Make targeted edits to the HTML/CSS/JS. Document what was changed and why.

#### Step 5: Re-Grade (Isolated)

Dispatch a **fresh grading subagent** to run `/interface-grader`. The subagent has NO knowledge of what changes were made — it only sees the current file state. This eliminates self-grading bias.

The subagent must:
- Take all required screenshots (desktop 1440px + mobile 375px per page type)
- Run full code pass on ALL criteria (not just the ones expected to change)
- Run visual pass on ALL criteria
- Produce a complete grade file with delta from previous

#### Step 6: Keep or Revert

Compare `new_score` vs `baseline_score`:
- **If `new_score >= baseline_score - tolerance`**: KEEP. Update baseline.
- **If `new_score < baseline_score - tolerance`**: REVERT with `git checkout -- <files>`. Log failure.

#### Step 7: Record

Append entry to `grades/CHANGELOG.md` (see `references/grading-artifacts.md` for format).

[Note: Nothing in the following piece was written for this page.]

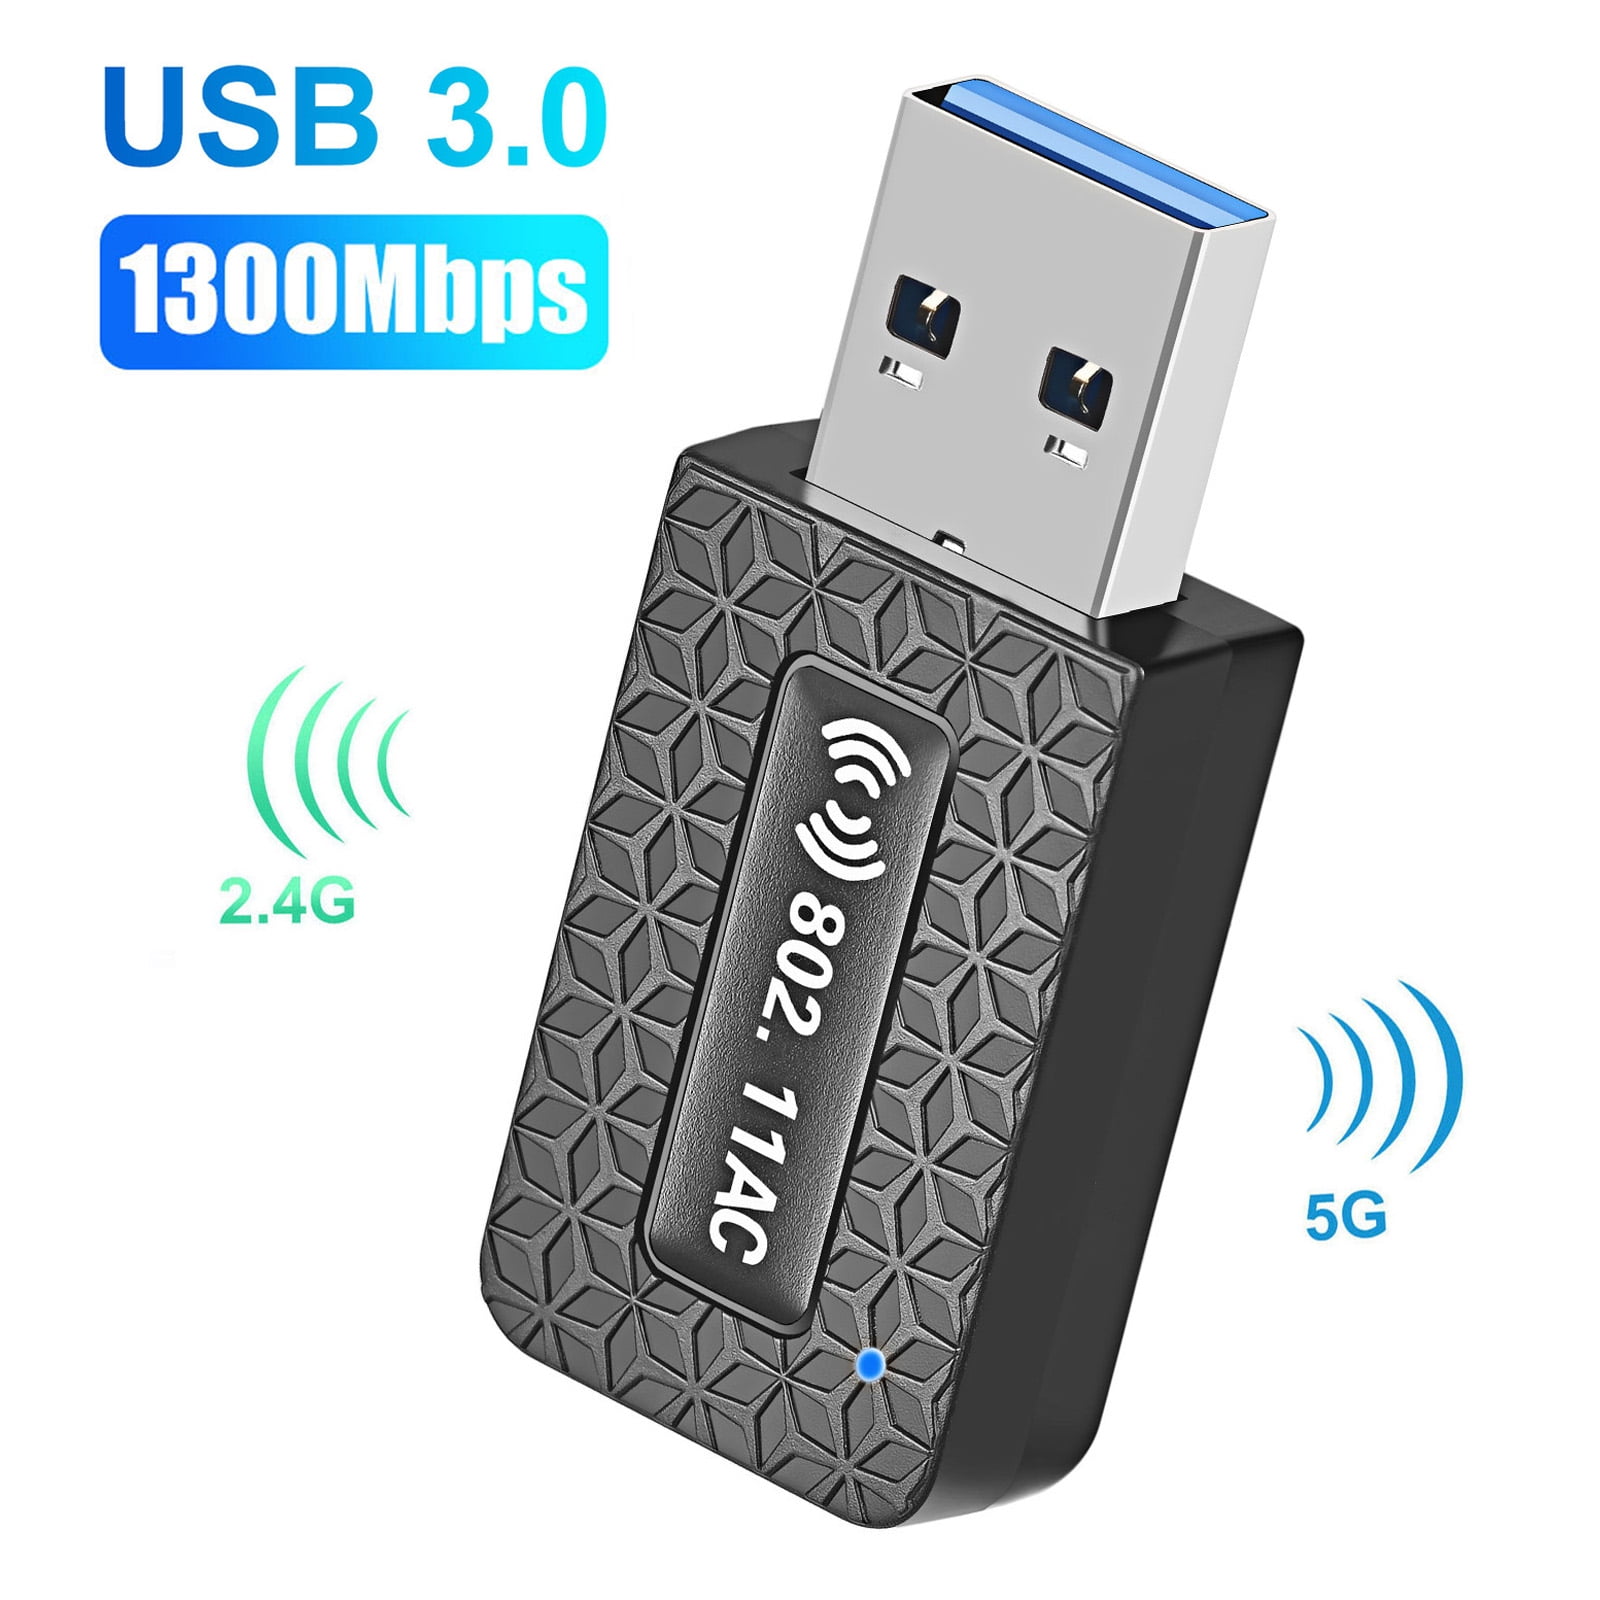 USB Wifi Adapter, 1300M USB 3.0 WiFi Adapter for PC, Desktop, Laptop, Dual  Band 5G /2.4G USB WiFi Dongle Wireless Network Adapter, Supports Windows

#### Step 8: Plateau Detection

If last 2 consecutive iterations showed no score improvement (kept but same score, or both reverted), stop early — the site has plateaued at the current approach.

### Phase 2: Wrap-Up

1. Print the full improvement log showing all iterations
2. Show total improvement: `final_score - original_baseline`
3. Commit final state
4. Create learnings document at `docs/solutions/ui/autoimprove-<target>-learnings.md`
5. Kill the local HTTP server

## Grading Protocol

**Critical: Grading must be isolated from the fixing context.**

Dispatch a subagent for every grade:

```
Agent(
  subagent_type: "general-purpose",
  description: "Grade UI iteration N",
  prompt: "Run /interface-grader on <target>.
    Take screenshots at desktop 1440px and mobile 375px for each page type.
    Grade ALL criteria — do not skip any.
    Write the grade file to grades/grade-<NNN>.md.
    Copy to grades/grade-latest.md.
    If grades/grade-latest.md already exists, include a DELTA section.
    Return the overall score percentage and the weakest category."
)
```

The subagent sees only the current file state. It does not know what changes were made or what the previous score was (it reads grade-latest.md for delta computation, but this is the previous grade, not knowledge of changes).

## Additional Resources

### Reference Files

- **`references/batching-strategy.md`** — When to batch independent changes vs isolate dependent ones. Includes dependency analysis framework.
- **`references/grading-artifacts.md`** — Grade file format, changelog entry format, learnings document template. All artifact specifications.

## Key Principles

1. **The grader is a black box.** Never skip criteria. Never assume a change only affects one area.
2. **Batch by independence, not by count.** Group changes that can't interact. Isolate changes that can.
3. **Every iteration produces artifacts.** A grade file and a changelog entry. No mental re-grading.
4. **Git is the safety net.** Checkpoint before every change. Revert is always one command away.
5. **Tolerance handles noise.** A 1-2 point score fluctuation is grading variance, not regression.